● Required work:
Write out all the data again, exactly as shown.

━━ Task material ━━

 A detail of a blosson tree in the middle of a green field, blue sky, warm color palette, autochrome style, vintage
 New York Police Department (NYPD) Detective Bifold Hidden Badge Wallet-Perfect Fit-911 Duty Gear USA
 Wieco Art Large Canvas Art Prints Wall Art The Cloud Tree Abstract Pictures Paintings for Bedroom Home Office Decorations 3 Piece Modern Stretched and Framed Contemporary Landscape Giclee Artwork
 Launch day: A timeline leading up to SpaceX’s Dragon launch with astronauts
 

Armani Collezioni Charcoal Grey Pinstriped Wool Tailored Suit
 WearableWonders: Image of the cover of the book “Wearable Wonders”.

━━━

● Exercise solution:
 A detail of a blosson tree in the middle of a green field, blue sky, warm color palette, autochrome style, vintage
 New York Police Department (NYPD) Detective Bifold Hidden Badge Wallet-Perfect Fit-911 Duty Gear USA
 Wieco Art Large Canvas Art Prints Wall Art The Cloud Tree Abstract Pictures Paintings for Bedroom Home Office Decorations 3 Piece Modern Stretched and Framed Contemporary Landscape Giclee Artwork
 Launch day: A timeline leading up to SpaceX’s Dragon launch with astronauts
 

Armani Collezioni Charcoal Grey Pinstriped Wool Tailored Suit
 WearableWonders: Image of the cover of the book “Wearable Wonders”.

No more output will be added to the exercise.